更科布屋会社がある芝大門の、いや、江戸の蕎麦屋を代表する名店『更科布屋』によく出かける。江戸の伝統的な蕎麦は3系統あって、薮、砂場、そしてここ更科系である。江戸の伝統とのれんを守りながら、新しい試みを加えて発展してきた店が都内にはけっこうあり、ここはその1つだ。蕎麦好きの親父は「お前が大きくなったら更科の蕎麦を食わしてやる」と、7歳で亡くなってしまった父親の言葉を楽しみにしていたそうで、僕を初めて更科(永楽だったが)に連れていってくれたときは、誇らしげにその話をしていた。新蕎麦の知らせが壁に貼られ、やがて鴨南蛮や牡蠣蕎麦などがメニューに踊る秋から冬は、まさに蕎麦の季節だ。12月はとくに世話になる日が多くなる。

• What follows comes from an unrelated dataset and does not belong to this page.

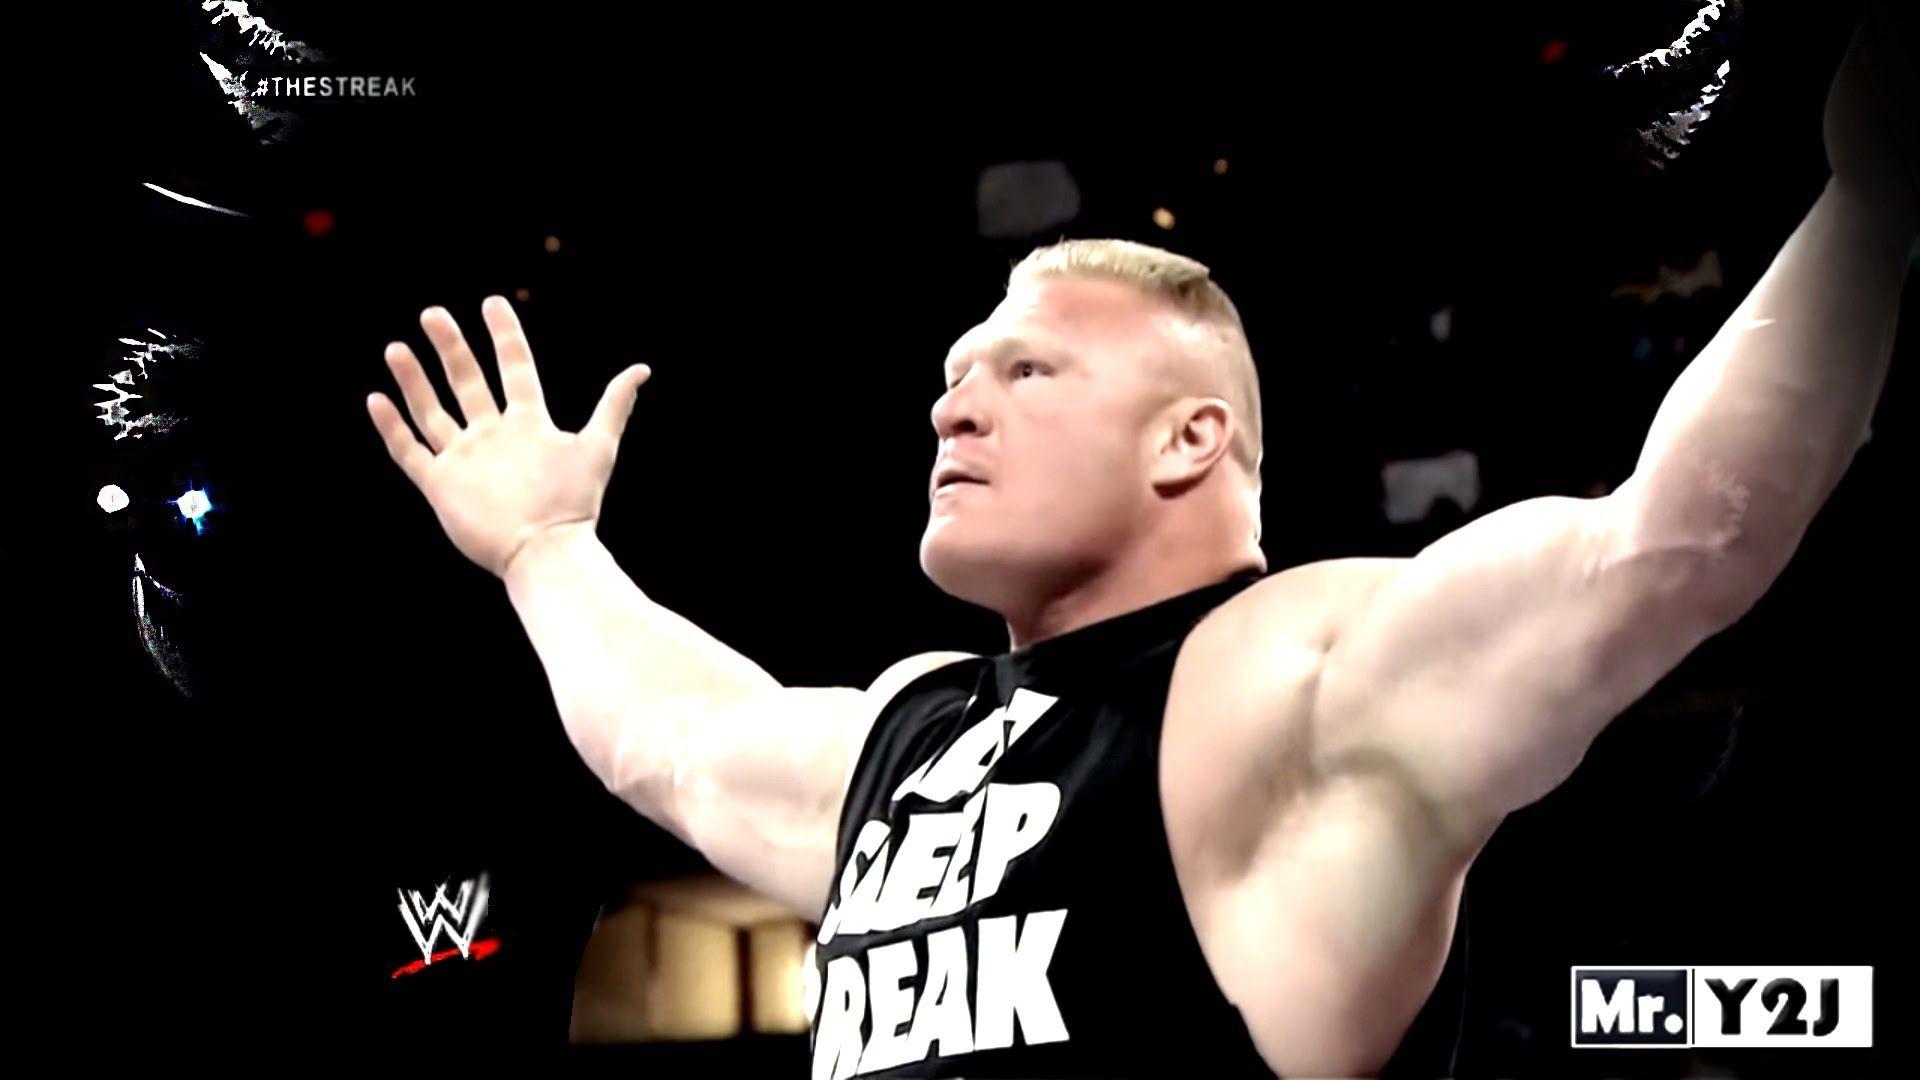 Brock Lesnar WWE Star Wallpaper HD Photo Collections

ここに限ったことなく、蕎麦屋に入っていつも思うのは客の平均年齢の高さだ。もし平均年齢を算出したら50歳は軽く超えるのではないだろうか。相撲や笑点の観客席ほどでないにしろ、かなり高く感じられる。いまラーメンチェーンを展開している方々は、年々進行する少子高齢化にそなえて蕎麦屋に転換すべきなのか。いやいや、そうはカンタンに片付けられないな。

成長過程の味覚経験は、その後に大きく影響する。僕らも食卓の変化が劇的な時代に幼少期から青年へと育ったわけで、洋食がガンガン食卓に入ってきたころに成長した。カレーにスパゲッティ、ハンバーグが大好きで、さんまの塩焼きはあまりうれしくない。それでも食卓にちょくちょく登場した魚は、僕らの幼少期だって減少傾向だったのに、それから現在まで消費量は減る一方である。魚だけがよい味覚経験とはいわないが、全体として今より味覚力を強いられる献立が多かった。僕らの幼少期には高嶺の花だったハンバーガーを、幼少から普通に食べられた世代はほんの少し下の世代から始まる。外食がイベントだった僕らと違い、これまた下の世代は日常的にファミレスに行っていた者が多い。外食は当然ながらうまくなければ客に選ばれないわけだ。うまい=油や濃い味付けというのは、実は数ある方程式のなかのあまりよろしくない1つであり、外食が増えれば増えるほど強い味に慣れきってしまうことがある。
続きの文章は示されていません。